Dreading that Detective Montgomery would find her before she had the chance to
locate Mary, she’d left the office. She’d worried that a frustrated Detective
Montgomery might take matters in his own hands and track Mary down.

Liz had never expected he’d show up at the fund-raiser. But she
should have known better. Detective Montgomery didn’t seem like the kind of guy
who gave up easily. In fact, he seemed downright tenacious. Like a dog after a
bone.

She tried to hold that against him. But couldn’t. While it made
for an uncomfortable evening, she couldn’t help appreciating the fact that he’d
held her to her twenty-four hours. He took his work seriously. She could relate
to that.

“Are you okay now?” he asked, sounding concerned.

She nodded, not willing to verbalize any more half-truths. From
across the room, she caught Carmen’s eye. She was standing behind the punch
table, pouring cups for thirsty dancers. Liz could read the concern on her
pretty face. She’d had that same look since Liz had told her about the
letter.

Liz shook her head slightly, reassuring her. Carmen was little,
but she could be a spitfire. If she thought Liz needed help, she’d come
running.

“Who’s that?” Detective Montgomery asked.

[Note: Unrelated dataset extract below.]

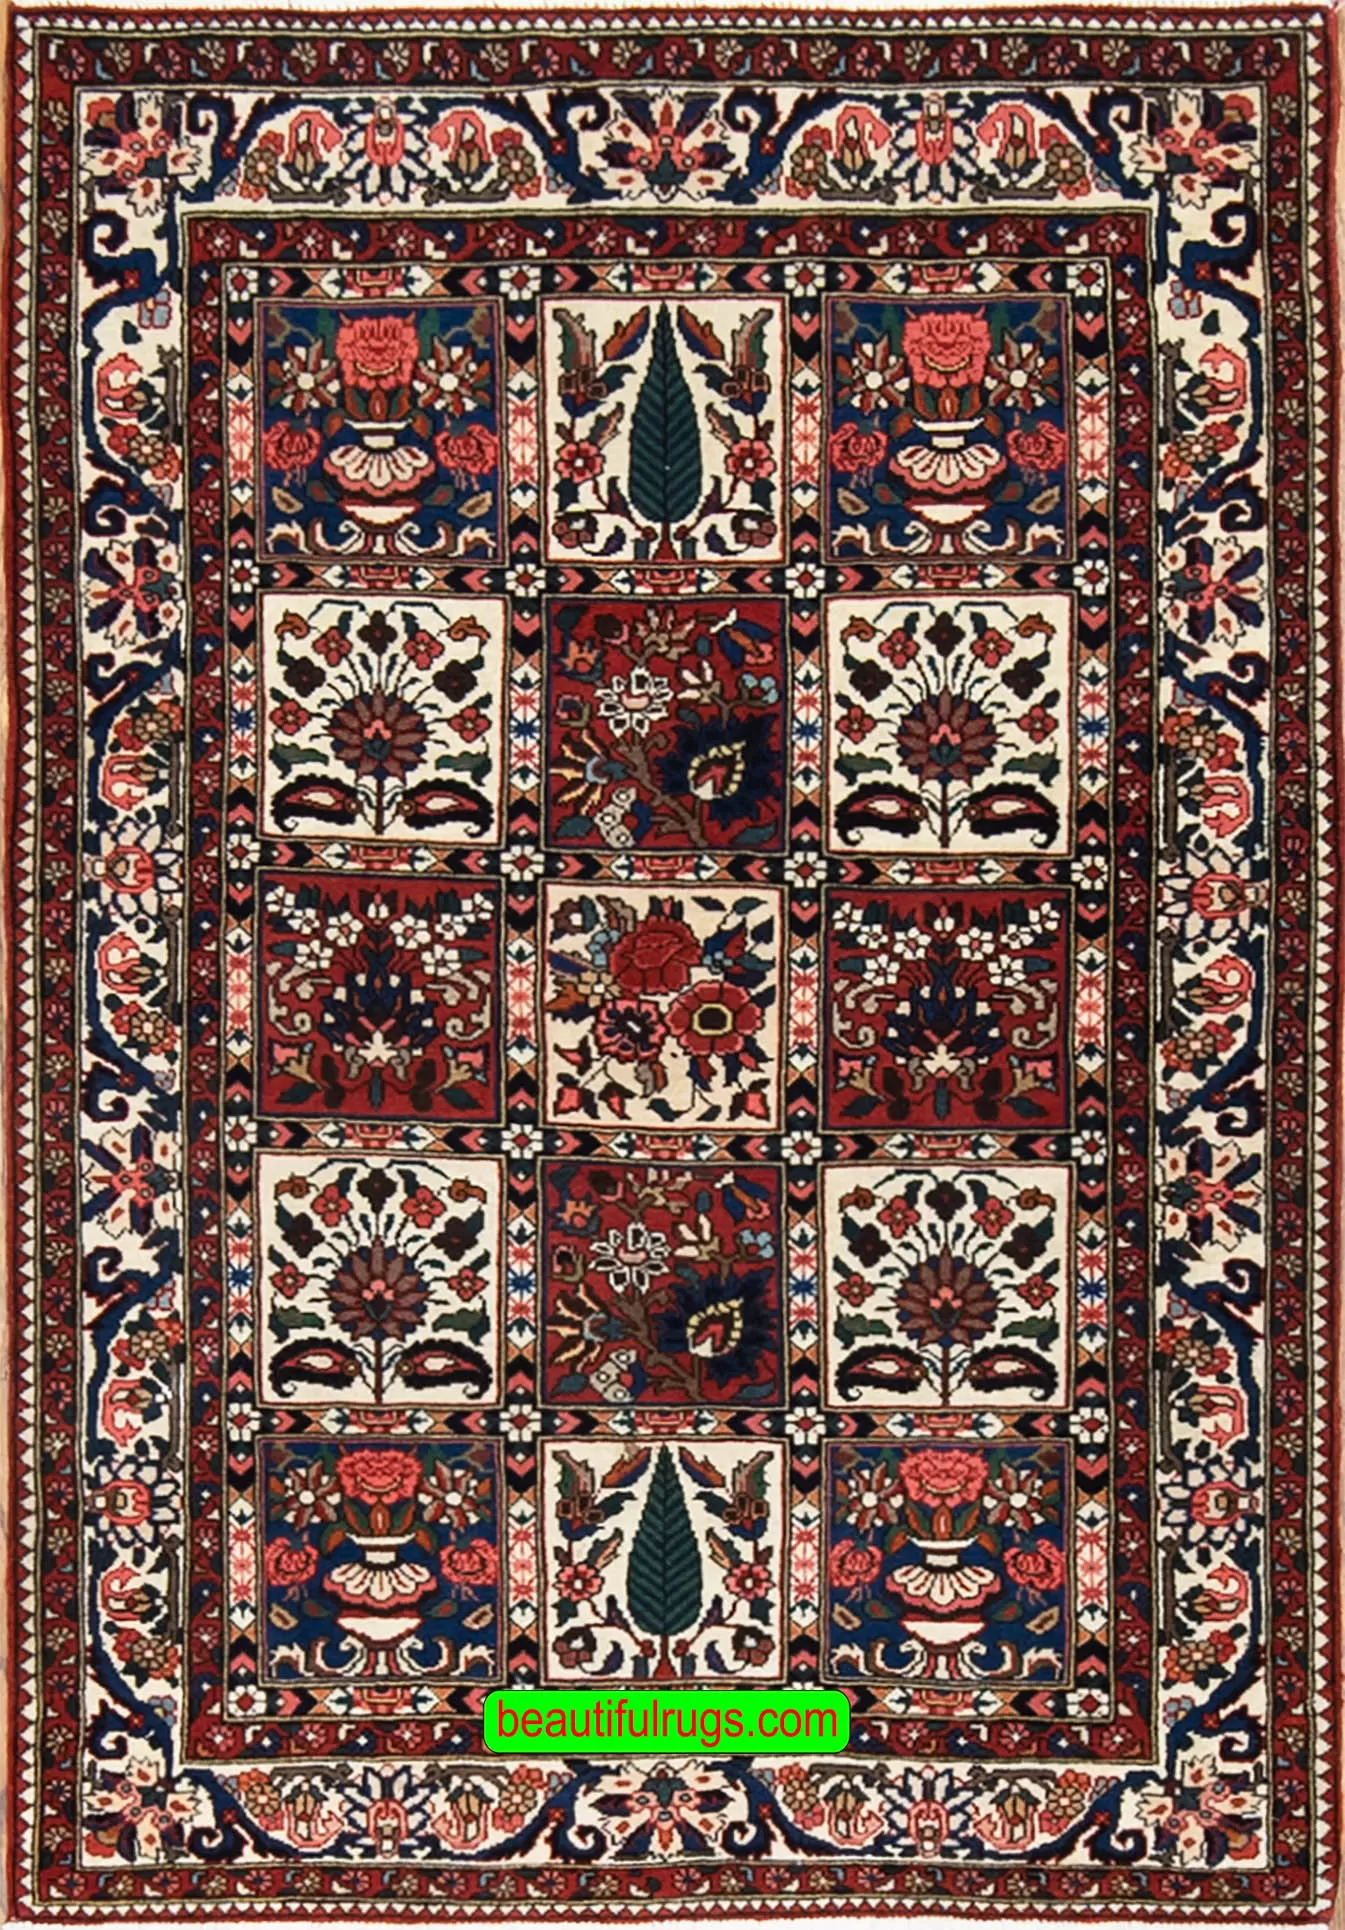 Traditional area rug, handmade multicolor Persian Bakhtiari wool area rug, four seasons design. size 3.5x5.

“Carmen Jimenez. She’s a counselor, too. I think I mentioned
her yesterday.”

“I remember. Did you tell her about your letter?”

“Yes.”

“She hasn’t gotten anything similar?”

Liz shook her head.

“I’ve got some bad news,” Detective Montgomery said. “We found
another dead body this morning. Right outside of this very hotel. He’d been
shot. Up until a few weeks ago, he’d been a cook for Mirandez.”

“Mirandez has a cook?”

He leaned his mouth closer to her ear, and she felt the shiver
run down the length of her spine. “Not like Oprah has a cook. A cook is the guy
who boils down the cocaine into crack.”

“Oh. My.”

“People keep dying,” he said. “It’s my job to make it stop. If
Mary knows something, it’s her job to help me.”

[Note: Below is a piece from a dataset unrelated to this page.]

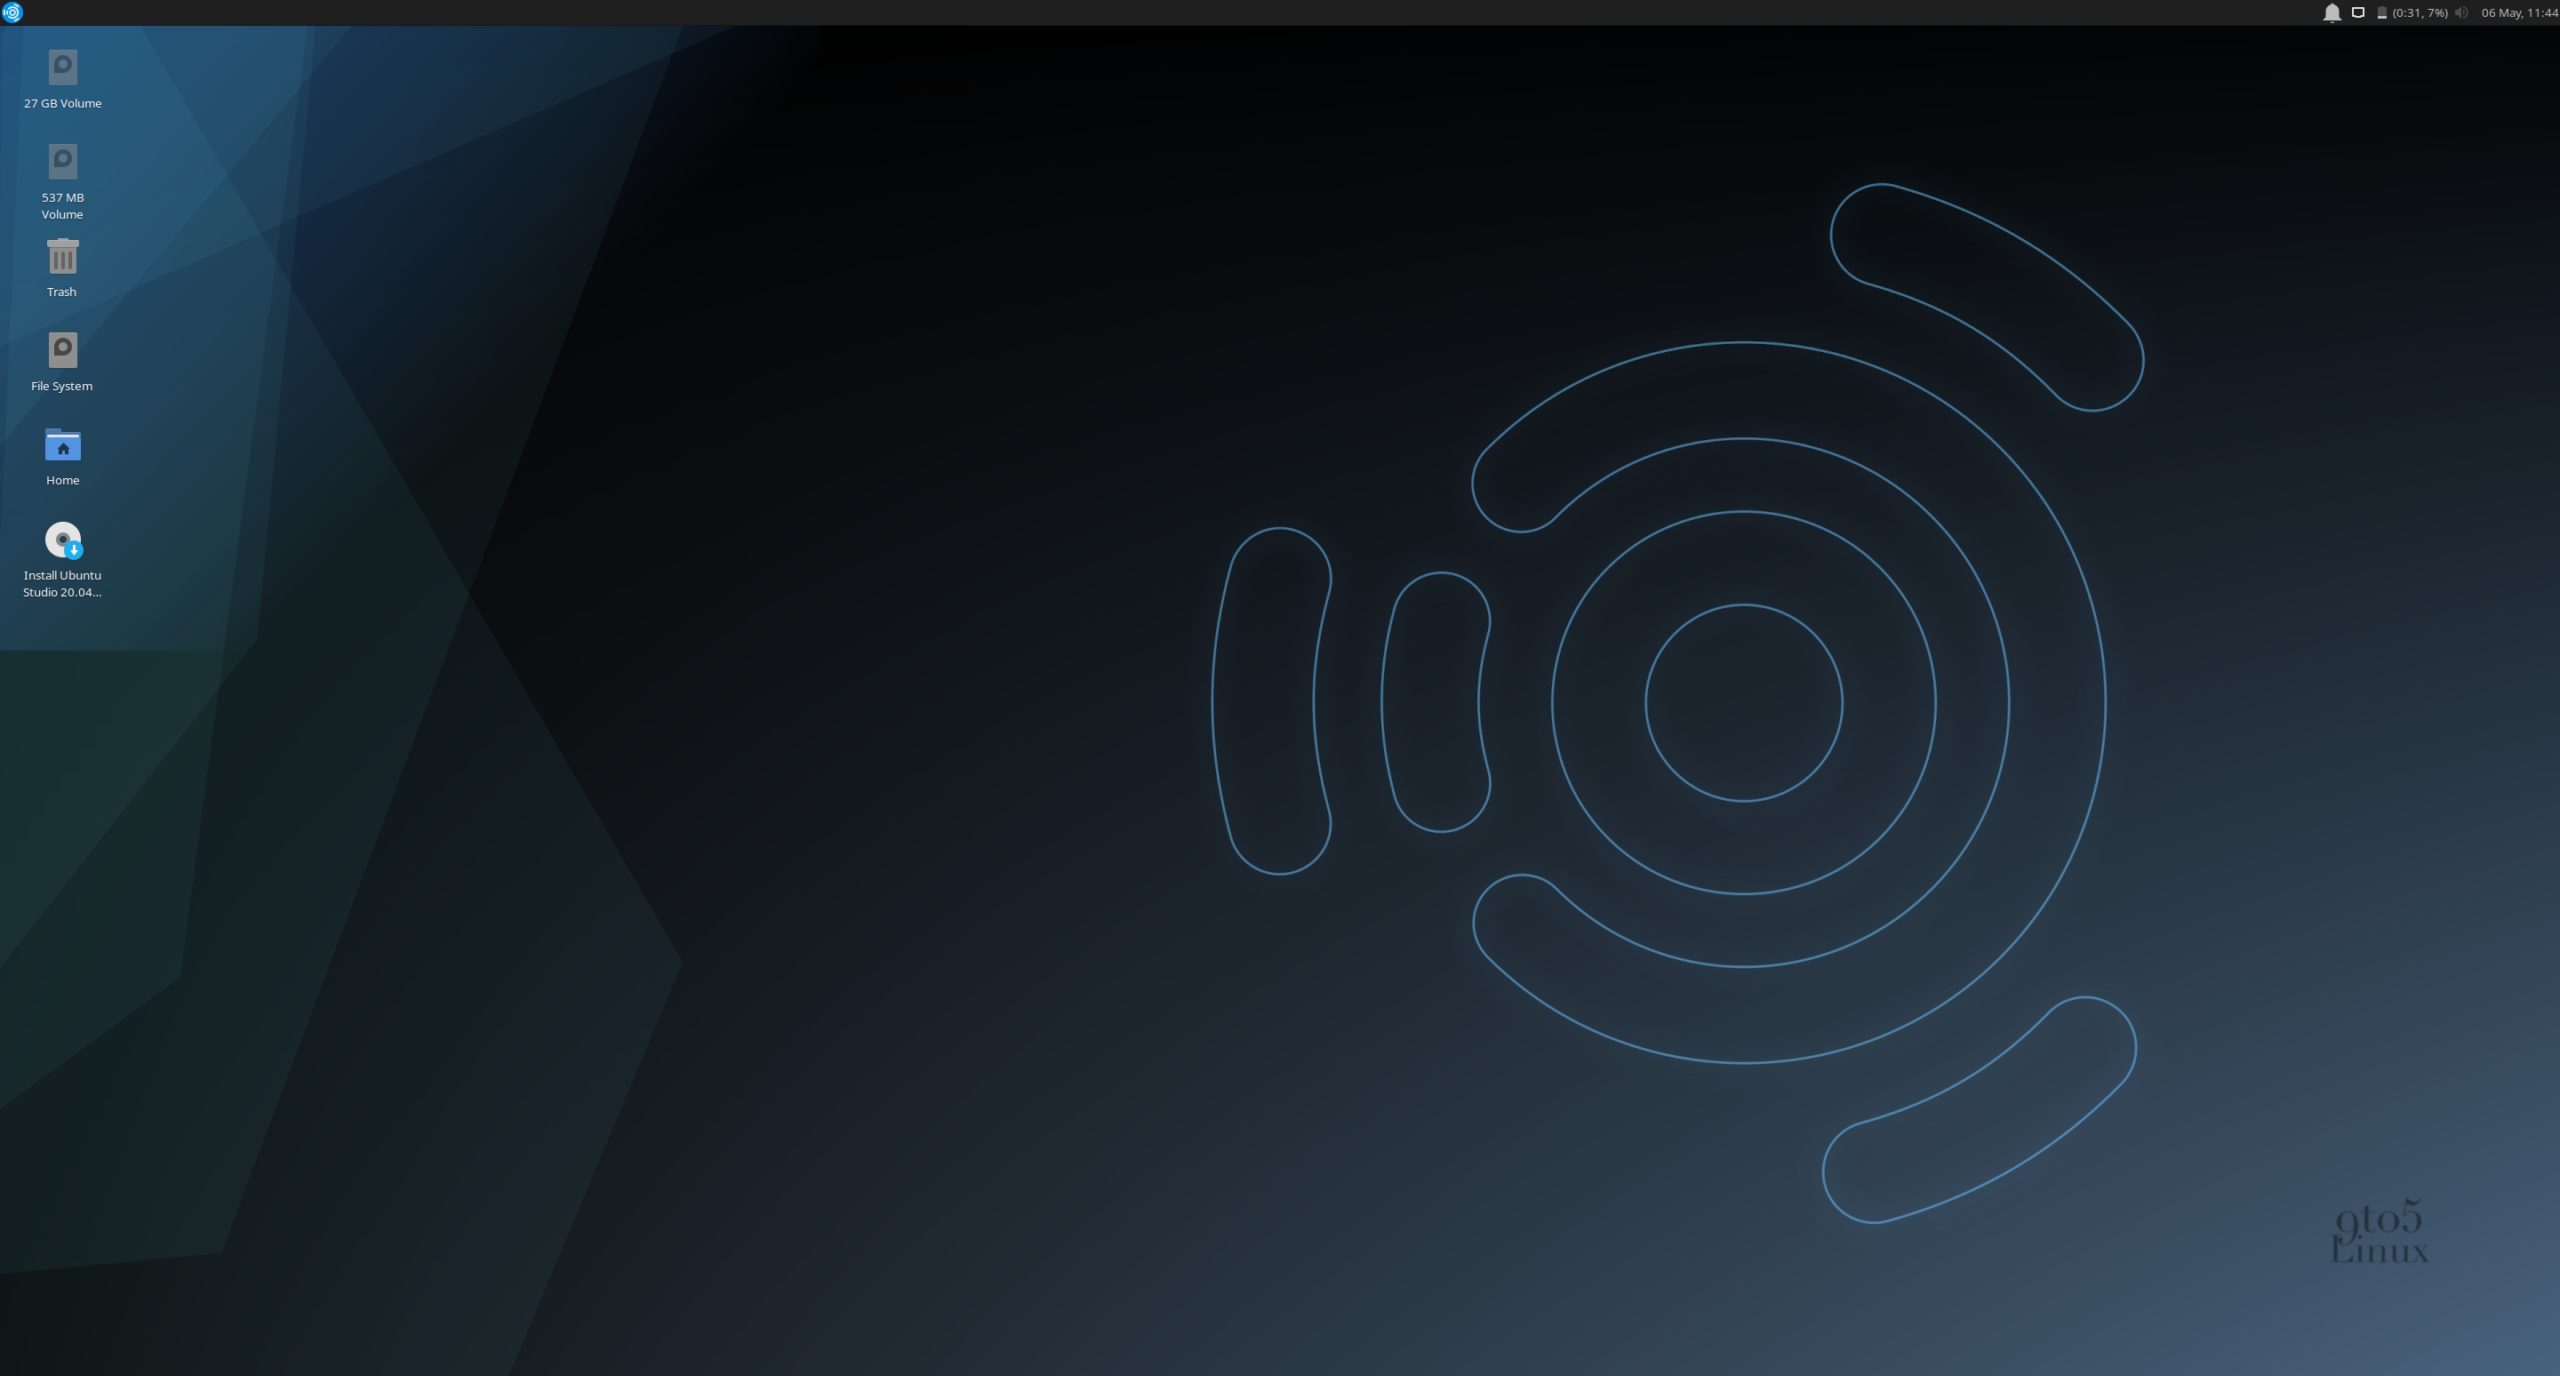 Ubuntu Studio 20.10 to Ditch the Xfce Desktop in Favor of KDE Plasma

She’d been wrong. He wasn’t like a dog after a bone. He wanted
fresh meat. She pulled away from him, forcing the dancing to stop. She couldn’t
think when he had his arms around her, let alone when his mouth was that close.
“If you had enough to arrest her,” she protested, “you’d have done it yesterday.
You don’t have anything but a wild guess.”

He had more than that. The tip had come from one of their own.
It had taken Fluentes two years to work his way inside. Sawyer didn’t intend to
sacrifice him now.

Push the counselor.
He could hear
Lieutenant Fischer’s words almost as clearly as if the man stood behind him.
“She was there. And you need to convince her to tell us what she saw. She needs
to tell us everything. Then we’ll protect her.”

“You’ll protect her?”

“Yeah.” For some reason Liz’s disbelieving tone set Sawyer’s
teeth on edge. “That’s what we do. We’re cops.”

“She’s eight months pregnant.”

“I’m aware of that. We would arrange for both her and her baby
to have the medical care that they need.”

“And then what?” she asked, her tone demanding.

Sawyer threw up his hands. “I don’t know. I guess the baby
grows up, and in twenty years, Mary’s a grandmother.” Sawyer rubbed the bridge
of his nose. His head pounded, and the damn drums weren’t helping. “Look, can we
go outside?” he mumbled.

She seemed to hesitate. Sawyer let out a breath when she nodded
and took off, weaving in and out of the dancers, not stopping until she reached
the exit. They walked outside the hotel, and he led her far enough away that the
doorman couldn’t hear the conversation.

She spoke before he had the chance to question her. “I’ll talk
to her. She’s supposed to come to OCM at eight tomorrow morning. It’s her
regular appointment.”

“And you’ll convince her to talk to us?”

“I’ll talk—”

“Liz, Liz. Back here. What are you doing outside?”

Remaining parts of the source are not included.